- What you are asked to do
Beginning with the first line of the material, set down each line exactly as written, up to and including the line with "El blog corporativo, una".

- Input
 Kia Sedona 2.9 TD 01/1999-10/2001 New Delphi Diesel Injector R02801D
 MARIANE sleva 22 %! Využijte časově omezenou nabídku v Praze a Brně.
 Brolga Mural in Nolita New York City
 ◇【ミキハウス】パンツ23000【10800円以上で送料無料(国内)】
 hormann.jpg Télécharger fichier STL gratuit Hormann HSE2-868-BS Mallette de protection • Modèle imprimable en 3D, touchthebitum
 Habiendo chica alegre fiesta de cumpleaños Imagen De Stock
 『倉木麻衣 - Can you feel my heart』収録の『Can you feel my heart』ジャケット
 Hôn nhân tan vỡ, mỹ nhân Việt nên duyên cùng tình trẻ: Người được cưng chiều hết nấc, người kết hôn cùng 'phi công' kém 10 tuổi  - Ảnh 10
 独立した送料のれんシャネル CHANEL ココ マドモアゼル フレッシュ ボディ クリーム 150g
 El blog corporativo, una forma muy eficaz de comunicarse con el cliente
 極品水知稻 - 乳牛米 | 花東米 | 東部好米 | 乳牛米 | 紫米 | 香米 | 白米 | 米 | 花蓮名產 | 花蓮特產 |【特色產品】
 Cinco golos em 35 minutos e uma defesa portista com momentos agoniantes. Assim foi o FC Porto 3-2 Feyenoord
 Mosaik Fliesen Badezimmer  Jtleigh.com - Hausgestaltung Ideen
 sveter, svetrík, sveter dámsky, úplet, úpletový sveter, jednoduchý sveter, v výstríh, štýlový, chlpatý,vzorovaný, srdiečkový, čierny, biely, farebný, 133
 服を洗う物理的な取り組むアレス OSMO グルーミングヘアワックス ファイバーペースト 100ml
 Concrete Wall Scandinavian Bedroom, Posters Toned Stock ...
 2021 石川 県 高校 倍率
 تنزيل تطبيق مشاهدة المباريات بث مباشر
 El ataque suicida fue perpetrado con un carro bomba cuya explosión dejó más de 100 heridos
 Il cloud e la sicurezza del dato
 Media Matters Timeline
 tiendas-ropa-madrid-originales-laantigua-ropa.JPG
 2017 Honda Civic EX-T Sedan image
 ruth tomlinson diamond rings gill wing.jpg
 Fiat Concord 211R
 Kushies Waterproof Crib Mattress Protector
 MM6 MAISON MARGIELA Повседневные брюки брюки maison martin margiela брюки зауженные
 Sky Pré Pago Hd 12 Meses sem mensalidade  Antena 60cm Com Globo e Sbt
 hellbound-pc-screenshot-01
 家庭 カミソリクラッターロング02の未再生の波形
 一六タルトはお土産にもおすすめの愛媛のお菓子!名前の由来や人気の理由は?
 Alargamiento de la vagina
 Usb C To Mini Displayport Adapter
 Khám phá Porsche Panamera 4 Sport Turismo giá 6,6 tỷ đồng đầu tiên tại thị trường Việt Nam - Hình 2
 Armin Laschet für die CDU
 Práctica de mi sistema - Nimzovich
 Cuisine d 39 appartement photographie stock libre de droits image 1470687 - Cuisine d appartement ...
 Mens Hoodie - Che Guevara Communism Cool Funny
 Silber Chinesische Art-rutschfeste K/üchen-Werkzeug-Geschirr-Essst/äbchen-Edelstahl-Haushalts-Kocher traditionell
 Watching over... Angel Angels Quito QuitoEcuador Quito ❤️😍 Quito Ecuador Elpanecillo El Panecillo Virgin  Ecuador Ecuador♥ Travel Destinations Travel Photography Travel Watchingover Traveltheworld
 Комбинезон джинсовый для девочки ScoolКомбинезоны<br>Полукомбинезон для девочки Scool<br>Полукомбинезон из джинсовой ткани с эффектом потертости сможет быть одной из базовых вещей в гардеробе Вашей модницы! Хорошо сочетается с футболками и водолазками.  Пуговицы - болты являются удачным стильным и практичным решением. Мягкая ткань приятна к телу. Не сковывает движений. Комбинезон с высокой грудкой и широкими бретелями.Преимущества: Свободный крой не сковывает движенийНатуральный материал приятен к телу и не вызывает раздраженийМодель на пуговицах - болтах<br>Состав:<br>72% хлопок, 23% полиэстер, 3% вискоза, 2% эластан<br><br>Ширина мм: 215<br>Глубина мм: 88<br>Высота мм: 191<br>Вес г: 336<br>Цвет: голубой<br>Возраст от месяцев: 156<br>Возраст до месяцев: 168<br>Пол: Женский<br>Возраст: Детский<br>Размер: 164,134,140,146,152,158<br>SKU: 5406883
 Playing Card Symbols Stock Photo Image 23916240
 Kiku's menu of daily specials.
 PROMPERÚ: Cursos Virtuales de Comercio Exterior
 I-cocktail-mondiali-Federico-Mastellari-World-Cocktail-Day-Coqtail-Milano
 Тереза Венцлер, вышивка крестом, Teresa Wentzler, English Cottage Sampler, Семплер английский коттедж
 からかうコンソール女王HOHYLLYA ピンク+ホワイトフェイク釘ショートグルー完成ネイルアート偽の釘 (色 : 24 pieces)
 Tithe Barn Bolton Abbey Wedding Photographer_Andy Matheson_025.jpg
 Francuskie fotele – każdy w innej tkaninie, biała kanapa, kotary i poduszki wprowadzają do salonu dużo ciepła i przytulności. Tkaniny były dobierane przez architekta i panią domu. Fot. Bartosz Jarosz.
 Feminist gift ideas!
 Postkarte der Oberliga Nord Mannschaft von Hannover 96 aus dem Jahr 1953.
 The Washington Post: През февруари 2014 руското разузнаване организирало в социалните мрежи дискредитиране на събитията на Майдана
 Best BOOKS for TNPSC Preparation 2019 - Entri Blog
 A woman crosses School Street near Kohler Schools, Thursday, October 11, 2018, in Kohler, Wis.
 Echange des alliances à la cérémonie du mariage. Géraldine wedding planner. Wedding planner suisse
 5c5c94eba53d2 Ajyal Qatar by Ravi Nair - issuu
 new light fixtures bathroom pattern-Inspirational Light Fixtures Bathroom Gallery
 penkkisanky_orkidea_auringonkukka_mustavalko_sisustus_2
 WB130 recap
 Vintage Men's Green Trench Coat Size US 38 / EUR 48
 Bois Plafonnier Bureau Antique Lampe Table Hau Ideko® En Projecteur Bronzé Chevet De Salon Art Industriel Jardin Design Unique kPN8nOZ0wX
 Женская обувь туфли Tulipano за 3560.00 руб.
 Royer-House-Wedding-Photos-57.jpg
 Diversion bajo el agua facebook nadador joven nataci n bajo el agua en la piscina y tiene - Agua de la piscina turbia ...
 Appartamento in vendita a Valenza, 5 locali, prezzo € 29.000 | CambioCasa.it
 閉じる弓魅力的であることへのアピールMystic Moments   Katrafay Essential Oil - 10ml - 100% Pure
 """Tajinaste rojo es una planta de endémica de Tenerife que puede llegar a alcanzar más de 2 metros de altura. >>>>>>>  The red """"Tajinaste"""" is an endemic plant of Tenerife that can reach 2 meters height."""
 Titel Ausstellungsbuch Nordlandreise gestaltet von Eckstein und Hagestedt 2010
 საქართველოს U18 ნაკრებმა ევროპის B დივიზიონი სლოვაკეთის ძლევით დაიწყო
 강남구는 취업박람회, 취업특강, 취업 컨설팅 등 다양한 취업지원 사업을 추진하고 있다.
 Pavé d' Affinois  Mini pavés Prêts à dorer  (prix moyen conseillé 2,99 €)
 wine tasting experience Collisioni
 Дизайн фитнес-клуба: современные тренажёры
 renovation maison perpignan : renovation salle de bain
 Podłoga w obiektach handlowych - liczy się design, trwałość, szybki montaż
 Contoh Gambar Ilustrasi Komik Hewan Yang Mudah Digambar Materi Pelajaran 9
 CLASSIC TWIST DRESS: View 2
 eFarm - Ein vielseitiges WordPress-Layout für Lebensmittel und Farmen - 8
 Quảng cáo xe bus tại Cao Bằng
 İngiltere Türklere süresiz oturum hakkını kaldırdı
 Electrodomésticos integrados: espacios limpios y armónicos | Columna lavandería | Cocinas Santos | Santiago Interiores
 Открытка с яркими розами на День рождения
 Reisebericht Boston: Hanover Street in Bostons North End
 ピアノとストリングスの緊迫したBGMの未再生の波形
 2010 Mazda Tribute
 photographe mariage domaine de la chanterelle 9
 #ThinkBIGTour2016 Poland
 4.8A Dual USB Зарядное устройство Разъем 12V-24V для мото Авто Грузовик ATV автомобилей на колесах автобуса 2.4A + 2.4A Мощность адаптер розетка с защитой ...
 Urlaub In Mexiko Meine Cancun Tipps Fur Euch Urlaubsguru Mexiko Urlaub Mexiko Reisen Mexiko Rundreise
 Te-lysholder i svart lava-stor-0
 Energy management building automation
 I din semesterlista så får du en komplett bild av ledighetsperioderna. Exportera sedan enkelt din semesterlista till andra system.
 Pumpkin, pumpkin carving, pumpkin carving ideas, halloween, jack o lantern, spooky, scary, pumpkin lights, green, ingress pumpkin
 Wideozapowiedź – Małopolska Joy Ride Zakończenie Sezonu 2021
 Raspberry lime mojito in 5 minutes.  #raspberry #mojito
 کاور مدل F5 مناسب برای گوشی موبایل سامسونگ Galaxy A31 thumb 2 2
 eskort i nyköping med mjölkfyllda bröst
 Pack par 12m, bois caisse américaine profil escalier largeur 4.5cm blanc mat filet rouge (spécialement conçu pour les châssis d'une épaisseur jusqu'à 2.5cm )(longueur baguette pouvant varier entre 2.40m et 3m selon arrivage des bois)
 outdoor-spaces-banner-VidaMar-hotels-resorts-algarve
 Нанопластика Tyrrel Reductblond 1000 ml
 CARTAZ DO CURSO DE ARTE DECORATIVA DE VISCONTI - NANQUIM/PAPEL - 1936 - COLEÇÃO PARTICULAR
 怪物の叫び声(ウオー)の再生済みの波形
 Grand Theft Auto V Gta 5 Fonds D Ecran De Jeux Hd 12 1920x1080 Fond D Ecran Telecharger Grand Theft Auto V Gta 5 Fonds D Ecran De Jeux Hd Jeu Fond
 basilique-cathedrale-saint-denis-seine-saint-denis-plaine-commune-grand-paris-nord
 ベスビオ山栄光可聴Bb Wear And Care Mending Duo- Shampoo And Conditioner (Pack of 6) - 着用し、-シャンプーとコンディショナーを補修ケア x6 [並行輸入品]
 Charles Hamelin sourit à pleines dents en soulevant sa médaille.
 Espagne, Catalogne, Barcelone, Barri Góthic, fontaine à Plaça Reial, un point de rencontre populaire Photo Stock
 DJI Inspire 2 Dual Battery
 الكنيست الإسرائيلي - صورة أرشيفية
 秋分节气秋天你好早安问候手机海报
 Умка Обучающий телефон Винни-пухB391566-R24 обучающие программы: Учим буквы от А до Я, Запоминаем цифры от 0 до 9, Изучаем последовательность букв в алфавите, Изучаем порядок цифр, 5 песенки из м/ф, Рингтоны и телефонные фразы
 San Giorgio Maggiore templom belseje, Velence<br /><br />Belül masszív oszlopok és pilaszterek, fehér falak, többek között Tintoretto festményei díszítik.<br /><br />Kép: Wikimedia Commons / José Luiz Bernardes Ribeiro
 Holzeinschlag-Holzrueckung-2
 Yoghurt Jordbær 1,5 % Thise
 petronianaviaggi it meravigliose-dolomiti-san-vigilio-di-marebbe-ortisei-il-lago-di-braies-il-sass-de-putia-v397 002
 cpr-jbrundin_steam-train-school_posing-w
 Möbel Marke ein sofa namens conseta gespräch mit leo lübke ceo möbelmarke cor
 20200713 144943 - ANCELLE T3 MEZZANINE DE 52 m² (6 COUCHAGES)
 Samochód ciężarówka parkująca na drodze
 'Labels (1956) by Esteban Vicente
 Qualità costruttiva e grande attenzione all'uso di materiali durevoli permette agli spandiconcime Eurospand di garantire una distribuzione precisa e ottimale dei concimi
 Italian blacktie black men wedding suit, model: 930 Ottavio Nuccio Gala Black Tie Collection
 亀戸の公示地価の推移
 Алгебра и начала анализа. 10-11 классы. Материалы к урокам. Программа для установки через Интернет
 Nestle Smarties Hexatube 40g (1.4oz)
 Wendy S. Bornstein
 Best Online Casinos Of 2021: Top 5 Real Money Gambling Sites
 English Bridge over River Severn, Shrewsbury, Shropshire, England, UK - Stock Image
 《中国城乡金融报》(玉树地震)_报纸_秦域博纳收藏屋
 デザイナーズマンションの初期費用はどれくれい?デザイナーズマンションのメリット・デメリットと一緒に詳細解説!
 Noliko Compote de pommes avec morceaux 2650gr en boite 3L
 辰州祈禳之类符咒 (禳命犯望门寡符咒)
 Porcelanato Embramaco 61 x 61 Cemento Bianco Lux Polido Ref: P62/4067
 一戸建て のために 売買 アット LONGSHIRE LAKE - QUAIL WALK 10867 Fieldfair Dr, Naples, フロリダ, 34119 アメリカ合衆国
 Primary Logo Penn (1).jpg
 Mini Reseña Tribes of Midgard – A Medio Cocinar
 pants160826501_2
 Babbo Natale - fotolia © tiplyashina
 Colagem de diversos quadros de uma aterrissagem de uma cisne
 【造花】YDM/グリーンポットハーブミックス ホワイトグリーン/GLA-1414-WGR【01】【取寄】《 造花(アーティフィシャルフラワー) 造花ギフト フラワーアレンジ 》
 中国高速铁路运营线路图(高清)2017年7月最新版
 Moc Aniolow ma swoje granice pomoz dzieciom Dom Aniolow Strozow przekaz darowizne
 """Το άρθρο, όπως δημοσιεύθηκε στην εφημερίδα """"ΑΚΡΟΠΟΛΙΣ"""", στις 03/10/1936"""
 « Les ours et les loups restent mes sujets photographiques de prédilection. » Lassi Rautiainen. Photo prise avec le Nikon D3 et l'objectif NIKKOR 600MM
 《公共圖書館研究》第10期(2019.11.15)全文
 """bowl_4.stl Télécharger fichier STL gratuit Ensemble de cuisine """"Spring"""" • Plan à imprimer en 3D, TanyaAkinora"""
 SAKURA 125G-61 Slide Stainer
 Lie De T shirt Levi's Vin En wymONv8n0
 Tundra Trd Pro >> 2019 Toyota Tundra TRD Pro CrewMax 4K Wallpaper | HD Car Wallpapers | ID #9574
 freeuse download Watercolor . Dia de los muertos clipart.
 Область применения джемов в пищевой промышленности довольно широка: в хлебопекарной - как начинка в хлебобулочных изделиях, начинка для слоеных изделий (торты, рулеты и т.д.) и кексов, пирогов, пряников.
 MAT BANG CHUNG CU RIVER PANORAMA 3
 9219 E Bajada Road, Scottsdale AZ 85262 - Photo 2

- Task output
 Kia Sedona 2.9 TD 01/1999-10/2001 New Delphi Diesel Injector R02801D
 MARIANE sleva 22 %! Využijte časově omezenou nabídku v Praze a Brně.
 Brolga Mural in Nolita New York City
 ◇【ミキハウス】パンツ23000【10800円以上で送料無料(国内)】
 hormann.jpg Télécharger fichier STL gratuit Hormann HSE2-868-BS Mallette de protection • Modèle imprimable en 3D, touchthebitum
 Habiendo chica alegre fiesta de cumpleaños Imagen De Stock
 『倉木麻衣 - Can you feel my heart』収録の『Can you feel my heart』ジャケット
 Hôn nhân tan vỡ, mỹ nhân Việt nên duyên cùng tình trẻ: Người được cưng chiều hết nấc, người kết hôn cùng 'phi công' kém 10 tuổi  - Ảnh 10
 独立した送料のれんシャネル CHANEL ココ マドモアゼル フレッシュ ボディ クリーム 150g
 El blog corporativo, una forma muy eficaz de comunicarse con el cliente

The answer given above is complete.